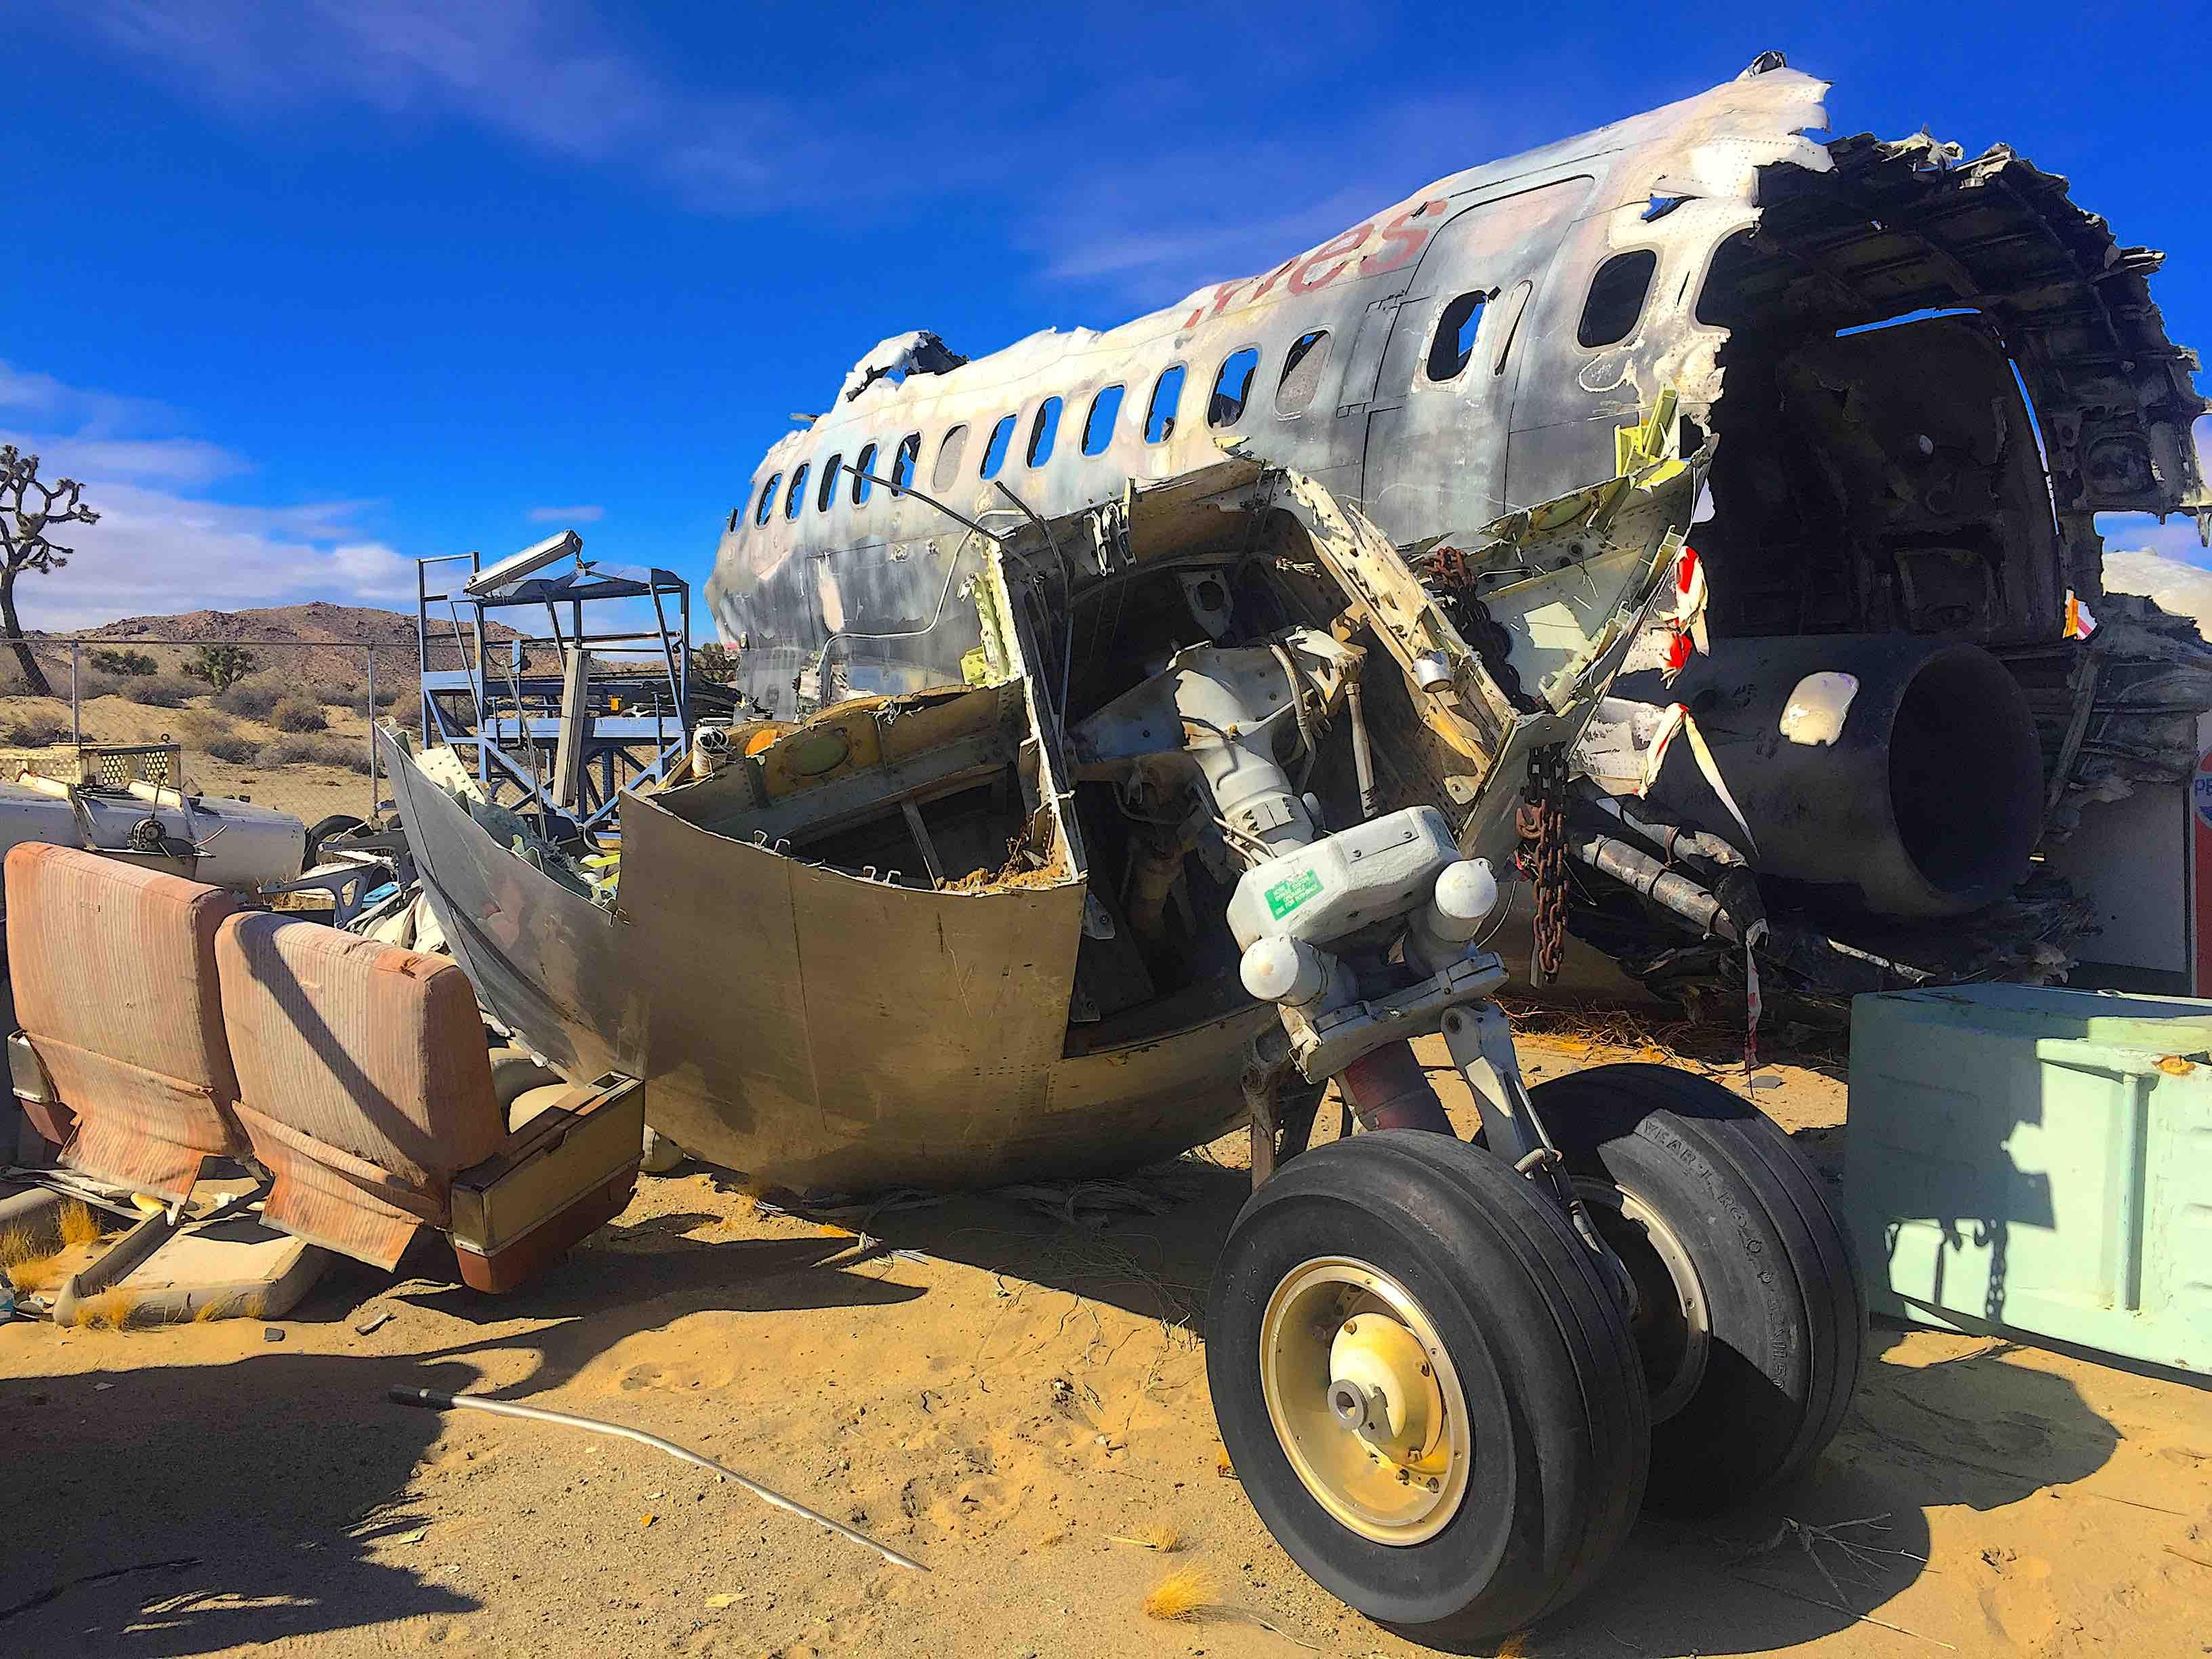 Plane Leftovers
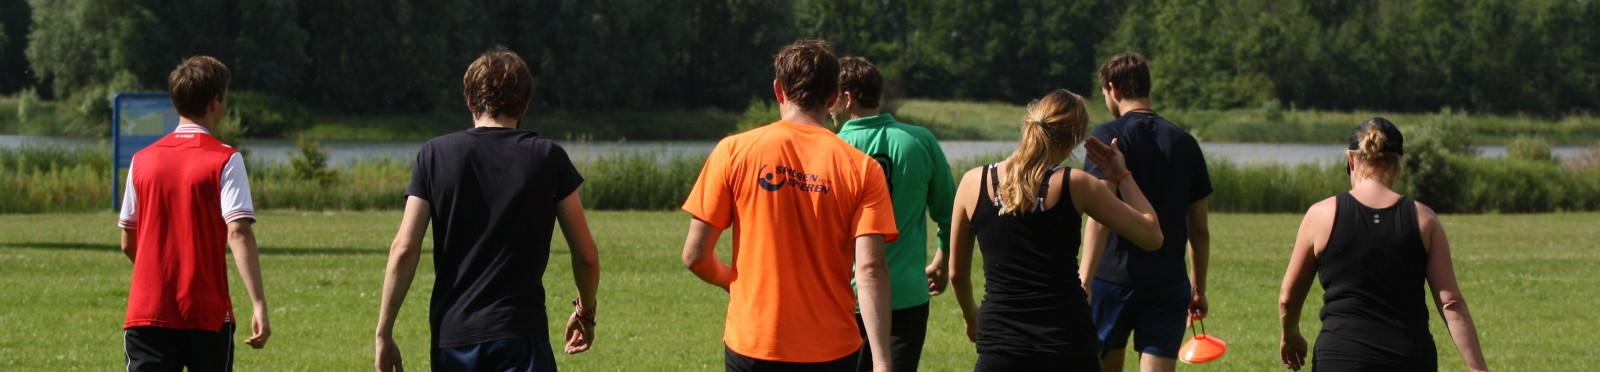 Kom gratis deelnemen aan een uitdagende bootcamp training!
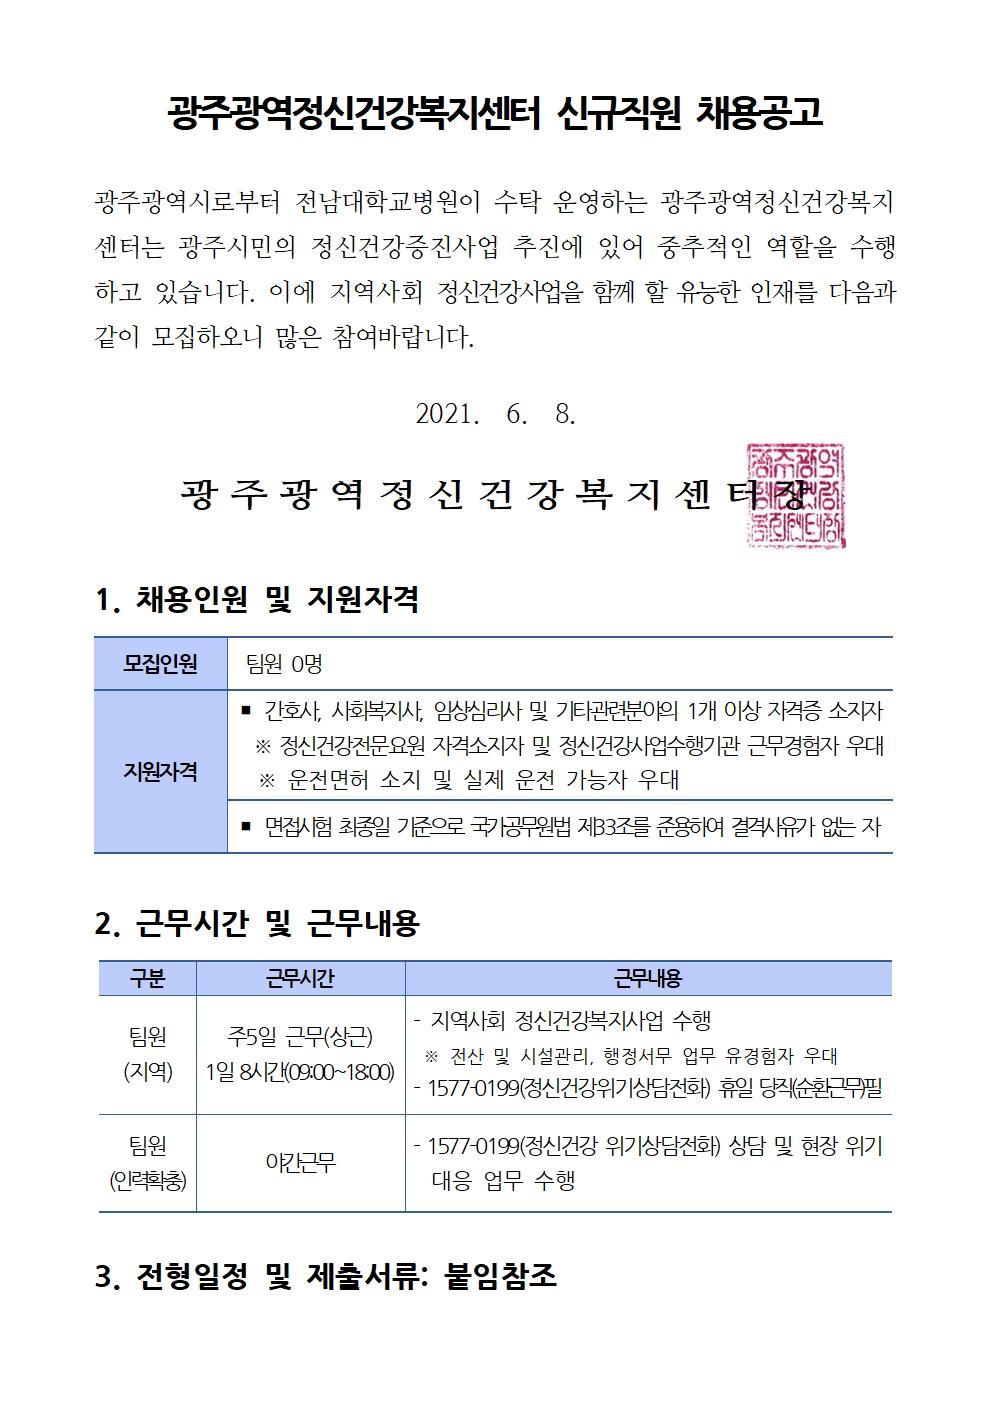 [공고용] 광주광역정신건강복지센터 신규직원 채용공고.jpg

════

Task objective
Return the full set of lines above word for word and with no pictures.

Final answer
 Plane Leftovers
 Kom gratis deelnemen aan een uitdagende bootcamp training!
 [공고용] 광주광역정신건강복지센터 신규직원 채용공고.jpg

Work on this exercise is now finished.